Other symptoms: sore throat, difficulty swallowing, new loss of taste or smell, nausea, vomiting, diarrhea, abdominal pain, pneumonia, new or unexplained runny nose or stuffy nose

Uncommon symptoms: unexplained fatigue, muscle aches, headache, delirium, chills, red / inflamed eyes, ticks

Ottawa 67s may have full house for Sunday’s home picker

The Ottawa 67s can have a capacity of 8,000 fans in the Arena at TD Place for today’s home game against Kingston Frontenacs.

The Ontario government has raised the capacity limits for indoor and outdoor settings where proof of vaccination is required, allowing 100 percent capacity at venues used for concerts, sports and cinemas.

The measures mean the Ottawa 67s can have a capacity for the crowd until 2 p.m. on Sunday and Monday’s game.

All fans aged 12 and over must be fully vaccinated to participate in the Games, and masks are mandatory except when eating and drinking.

TD Place arena

Restaurant owners in Ottawa are frustrated that they have been excluded from the list of venues that are allowed to operate at full capacity in Ontario.
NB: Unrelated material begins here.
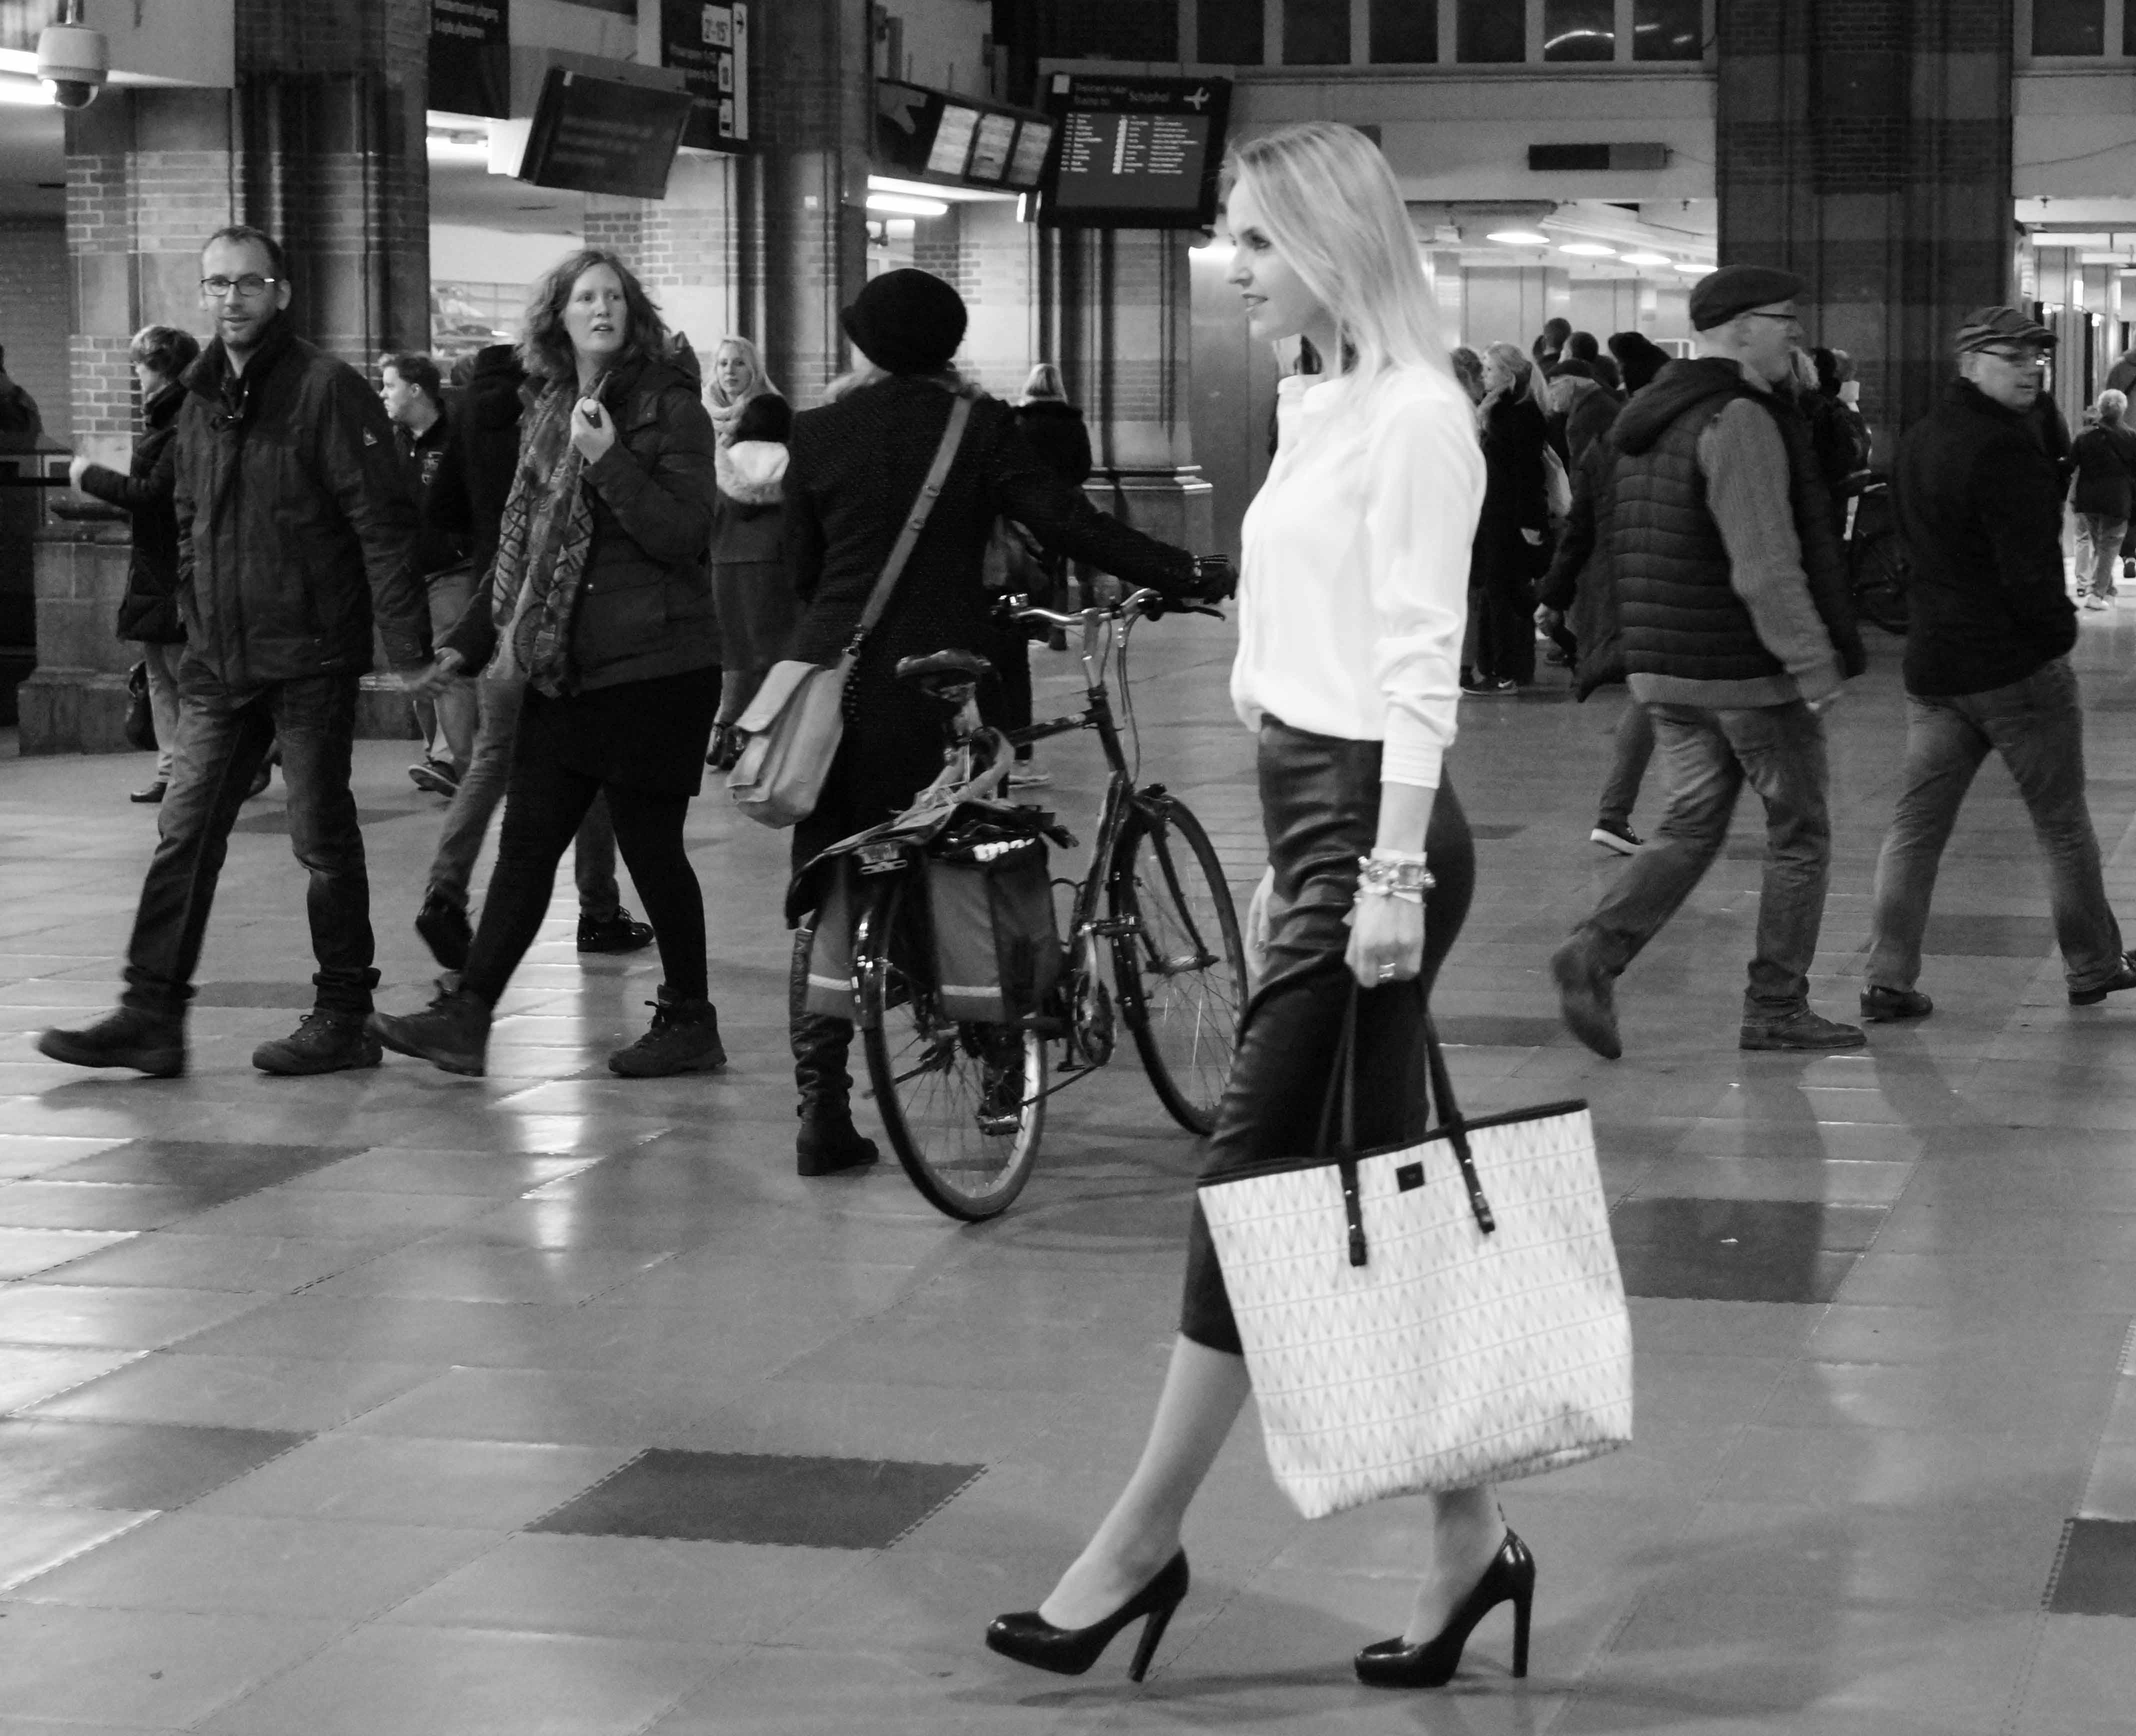 c8470910c2 Bag at You - House of Dagmar Shopper Bag at You - Dagmar Bag Swedish Fashion  ...

While sports and concert venues and cinemas can operate at 100 percent capacity, bars and restaurants are limited to the number of people who can maintain physical distance.

“If it’s safe to sit with 20,000 strangers and shout and scream without a mask, there’s no reason why you can not sit still in a restaurant and still have restrictions on you,” said James Rilett of Restaurants Canada. “It makes no sense.”

The Canadian Association of Independent Companies is disappointed.

“It’s hard to point out the fact that it feels like we’re creating an unfair margin again,” said Dan Kelly, chairman of CFIB.

On Twitter, Kelly said the backlash was quick.

“Lots of messages from angry restaurant, gym, dance studio, bowling alley owners facing 50 percent capacity constraints, while major sports venues can wrap them up at 100 percent,” Kelly said.

“To be clear, it’s good news that Ontario is raising capacity limits. But doing so for the big guys and not for the small ones makes no sense and again leads to questions about why a government would so actively favor big companies over small ones. . “

COVID-19 face mask in a restaurant

Ottawa Public Health on Saturday reported 48 new cases of COVID-19 in Ottawa, the highest increase in one day in six days.

Seventeen of the 48 new cases of COVID-19 in Ottawa on Saturday involved residents under the age of 20.

Since the first case of COVID-19 in Ottawa in March 2020, there have been 30,231 laboratory-confirmed cases of COVID-19 in Ottawa, including 598 deaths. No new deaths were reported in connection with COVID-19 on Saturday.

Coaches, volunteers, and officials must now be fully vaccinated to participate in indoor organized sports in Ottawa.

Ottawa’s health officer issued a letter of instruction to coaches, volunteers and officials, making COVID-19 vaccination mandatory for indoor events in the capital.

“We know that important risk factors for COVID-19 transmission include close contact, enclosed spaces, overcrowded places, prolonged exposure and heavy exhalation, all of which are prevalent with indoor organized sports activities,” said Dr. Vera Etches in a statement this week.

“The requirement that these individuals be fully vaccinated provides enhanced protection for our society – especially children who are not yet eligible for a vaccine – and further reduces the risks associated with indoor organized sports.”